For questions which allow for more than one response option (also referred to as a "mark-all" question), the final position in the variable naming sequence is represented by a letter. For this type of question, new variables were created to differentiate between a "yes" and "no" answer for each response option. For example, if Q2 had 4 response options, the new questions would be named Q2A for option 1, Q2B for option 2, Q2C for option 3, etc. If only options 2 and 3 were selected, then Q2A = No, Q2B = Yes, Q2C = Yes and Q2D = No.
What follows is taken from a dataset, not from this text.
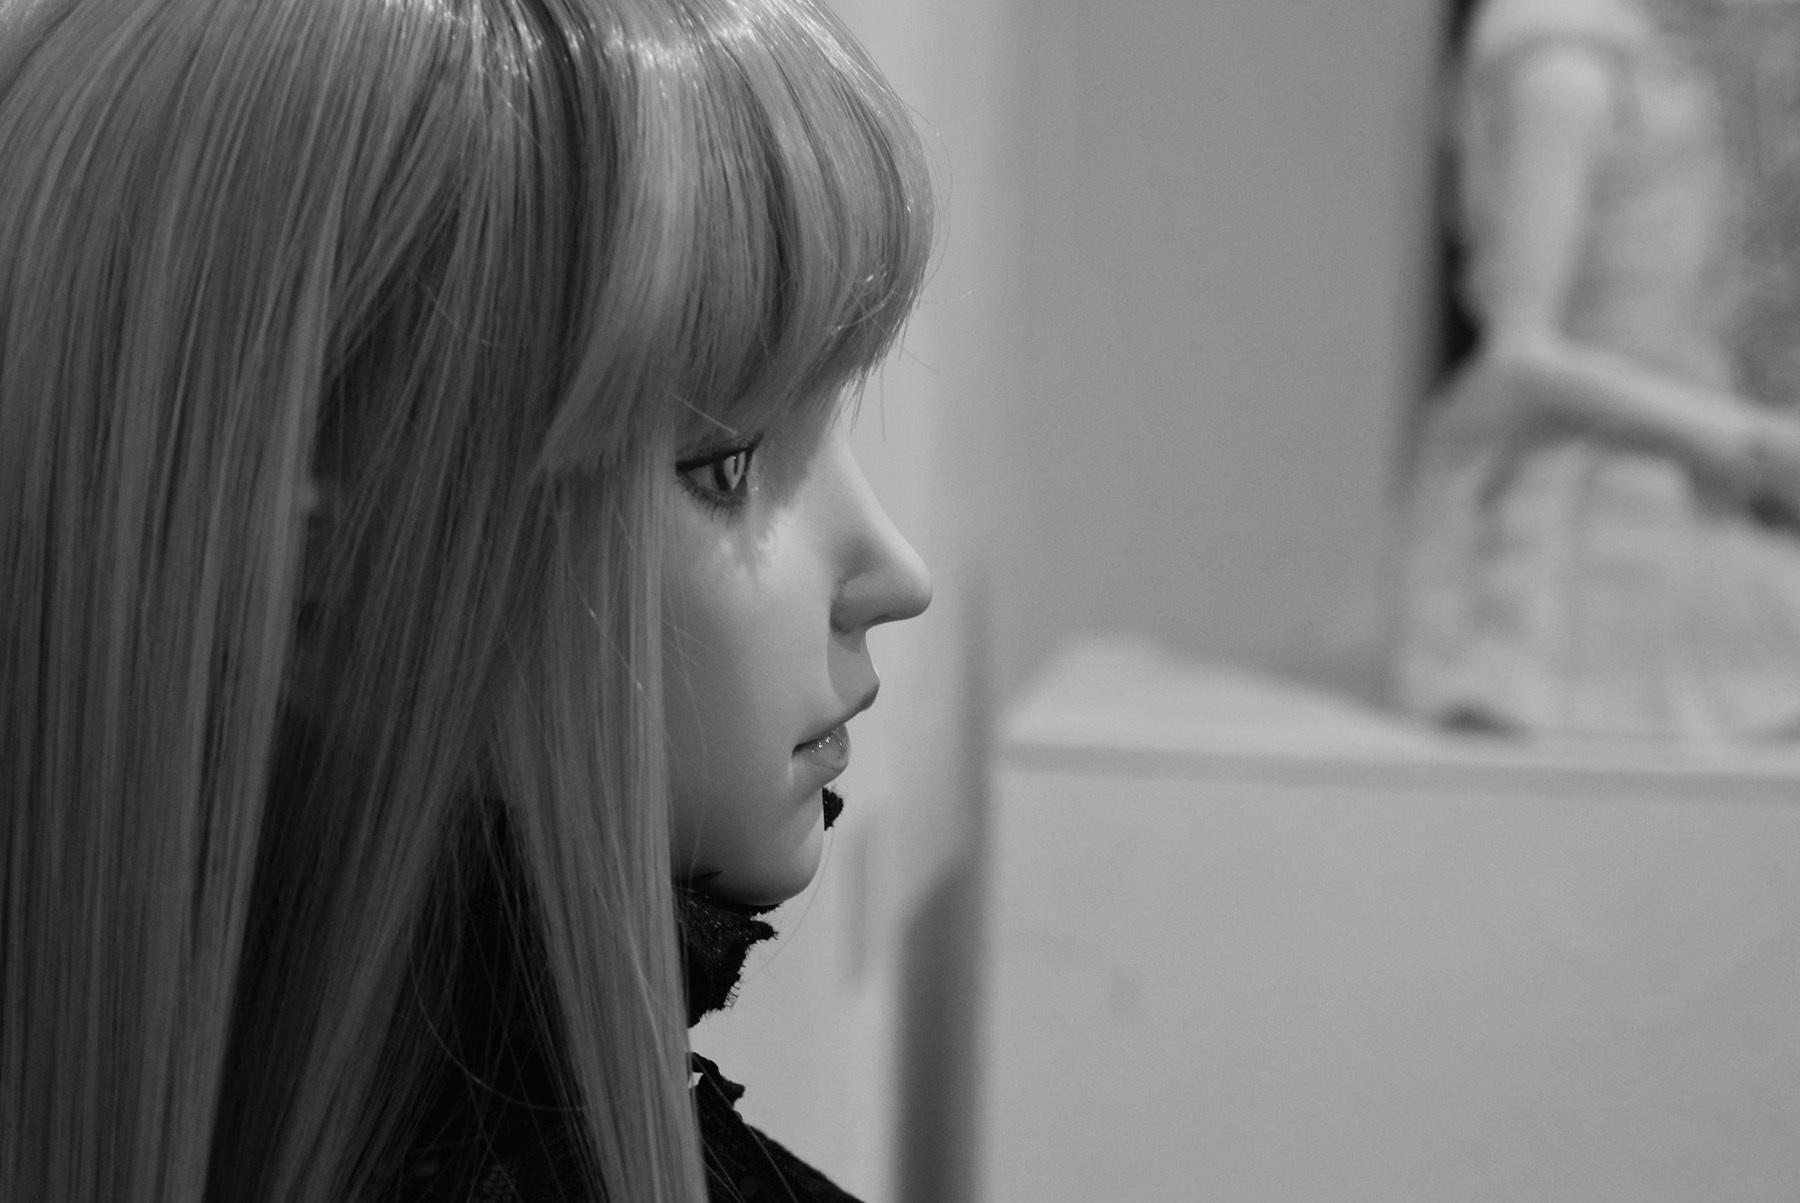 雨沢聖・槙宮サイ・江村あるめ 創作人形三人展 「sillage~シヤージュ」@ 最終日_e0272050_12445728.jpg
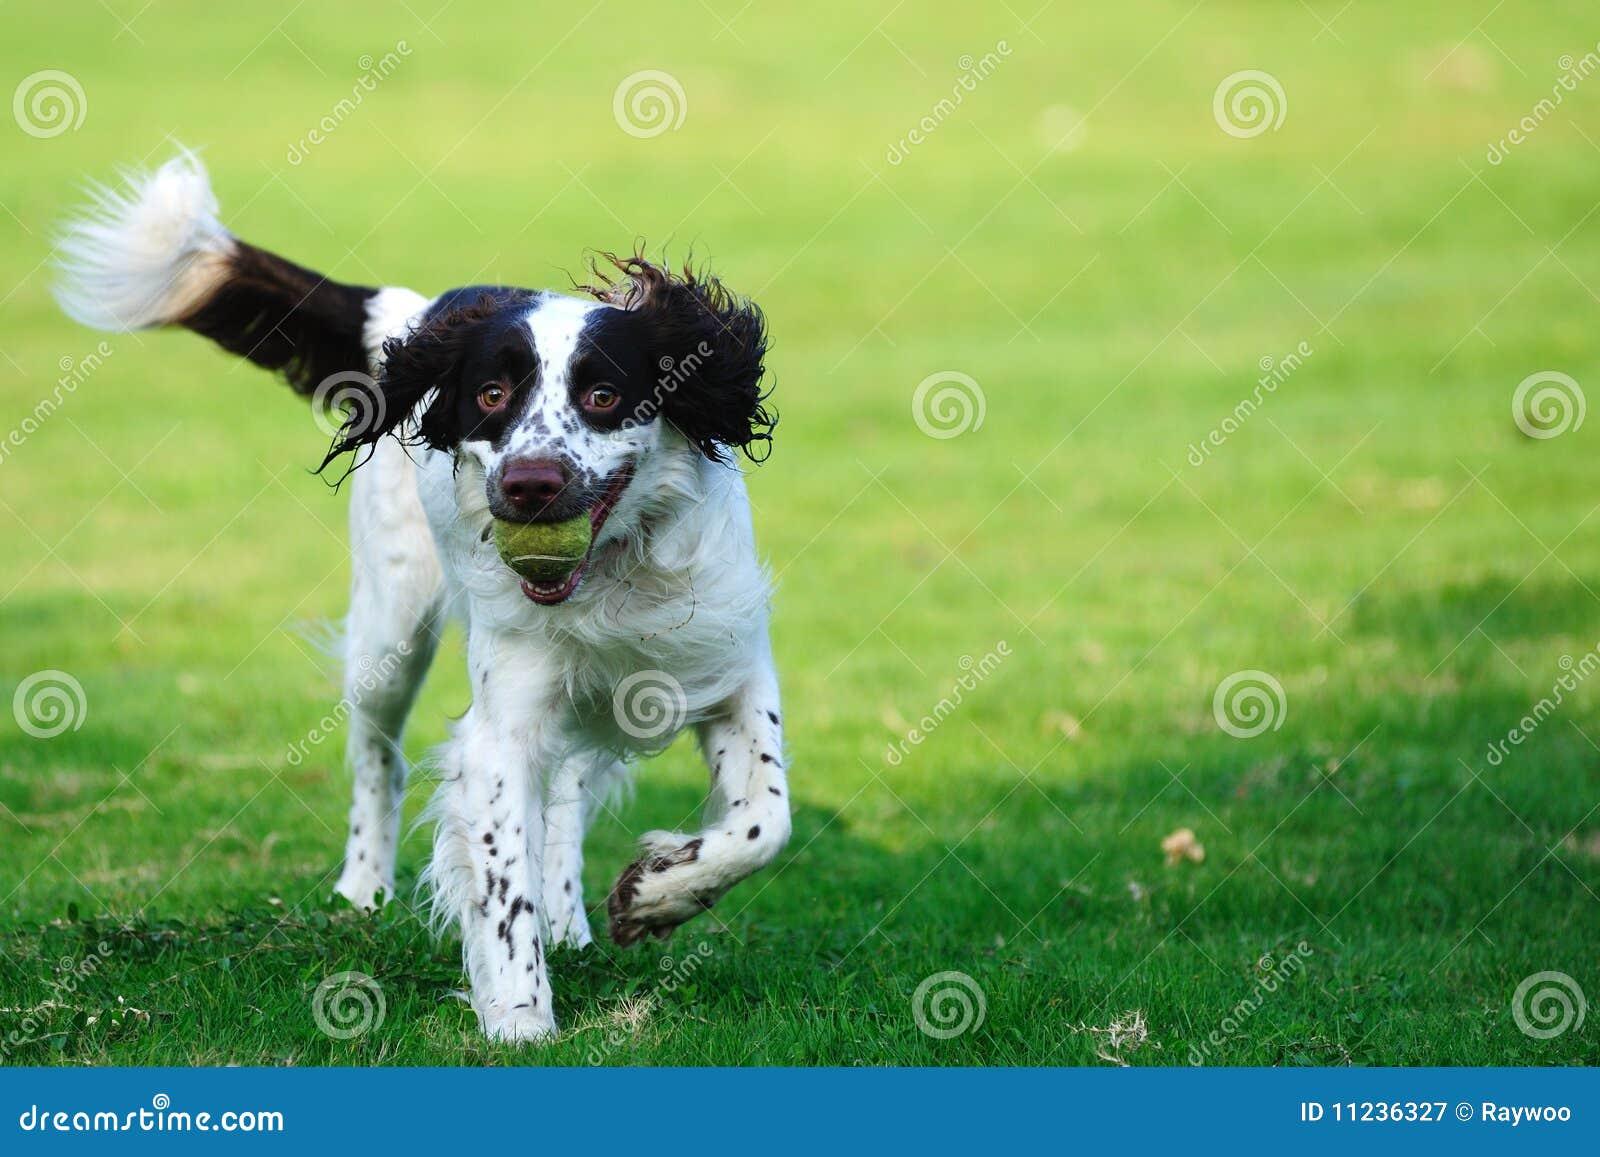 狗和人�y�'��)�al�����:)�h�_狗连续蹦跳的人

Since the SLCDC data files have been linked to the CCHS, it is important to be able to distinguish between the surveys from which the variables originate. The variable naming convention for the CCHS and SLCDC is very similar. The only exception is that the SLCDC uses an X in the fourth position to indicate that the variable comes from the SLCDC.
The example below shows the age variable from the SLCDC and CCHS:
Users should therefore be aware which variables they are using in order to ensure consistency in their estimates.